The town was granted to the Rev. Andrew Gardner and 61 others on September 10, 1761, by Governor Benning Wentworth, who named it for the politician William Pulteney, 1st Earl of Bath. It was first settled in 1765 by John Herriman from Haverhill, Massachusetts. But the terms of the original grant were unfulfilled, so Bath was regranted on March 29, 1769, by Governor John Wentworth.
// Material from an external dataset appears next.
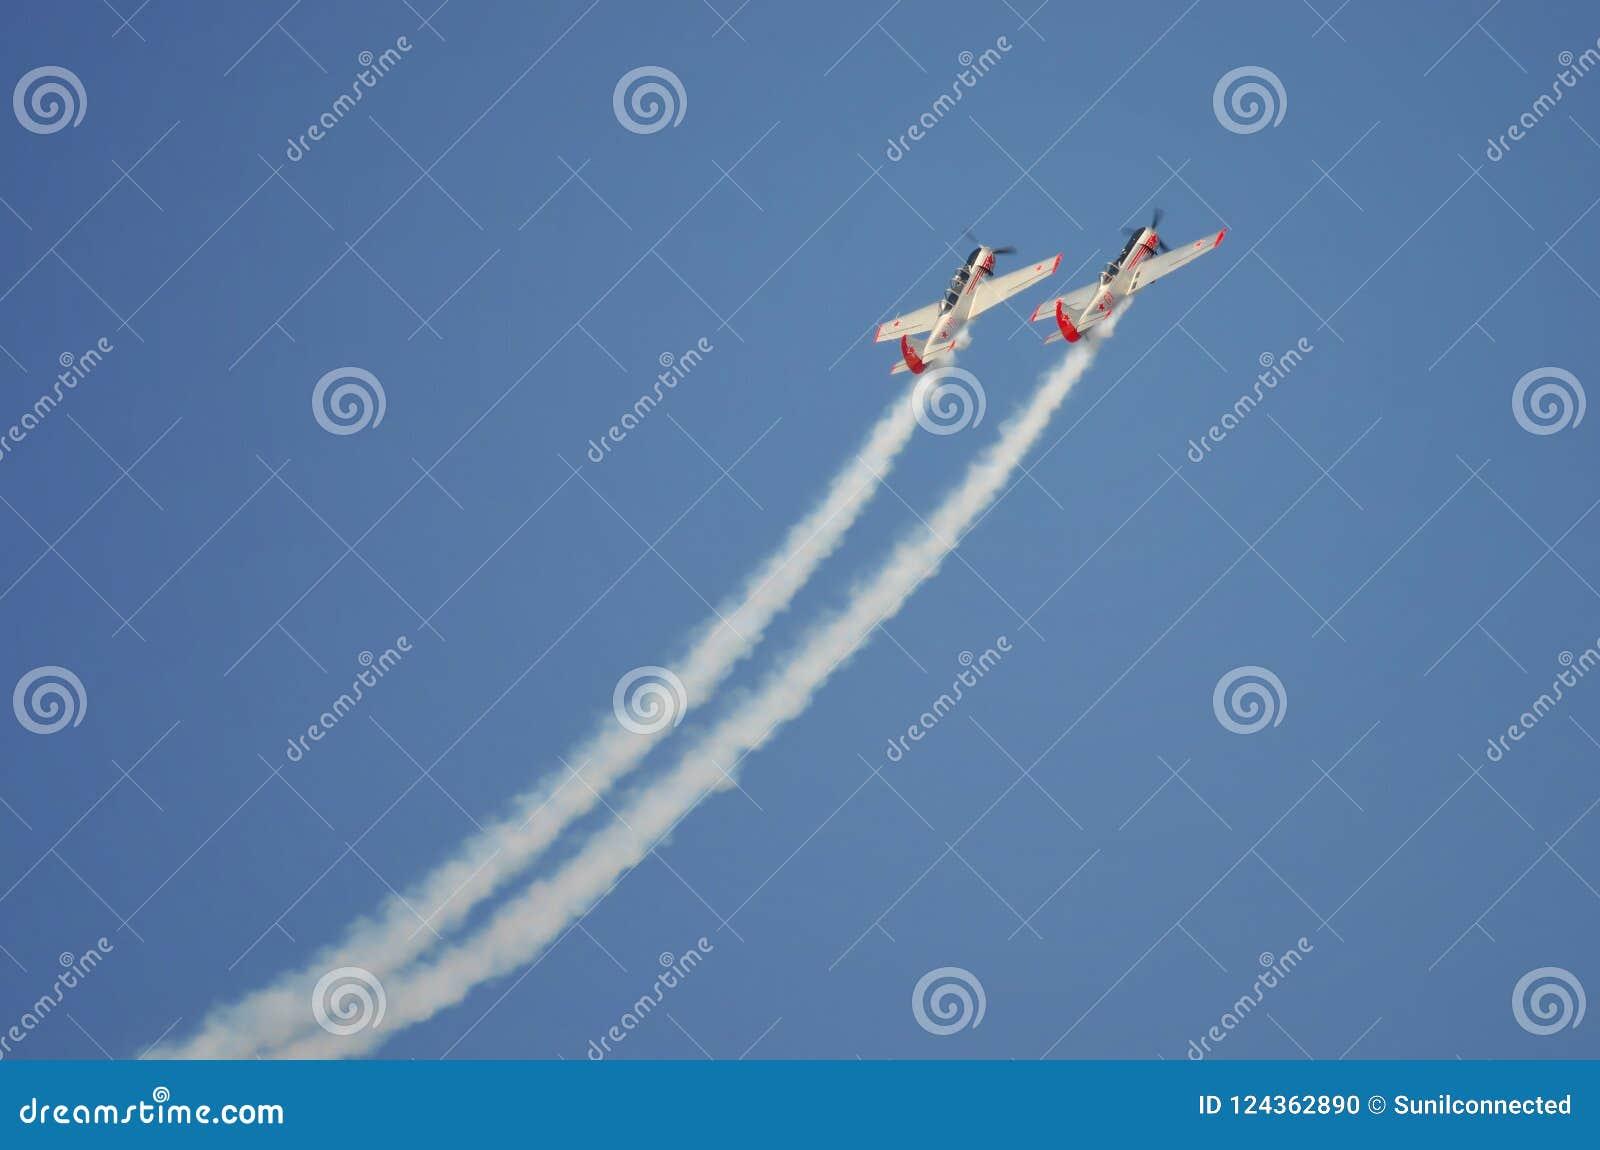 Dual flight formation

The first census, taken in 1790, recorded 493 residents.

Situated at the head of navigation on the Connecticut River, and shielded from strong winds by the Green Mountains to the west and White Mountains to the east, Bath soon developed into "...one of the busiest and most prosperous villages in northern New Hampshire." Intervales provided excellent alluvial soil for agriculture, and the Ammonoosuc and Wild Ammonoosuc rivers supplied water power for mills. The population reached 1,627 in 1830, when 550 sheep grazed the hillsides. A vein of copper was mined. The White Mountains Railroad up the Ammonoosuc River valley opened August 1, 1853, shipping Bath's lumber, potatoes, livestock and wood pulp. By 1859, the town had two gristmills and two sawmills. Other industries would include a woolen mill, creamery, distillery and two starch factories.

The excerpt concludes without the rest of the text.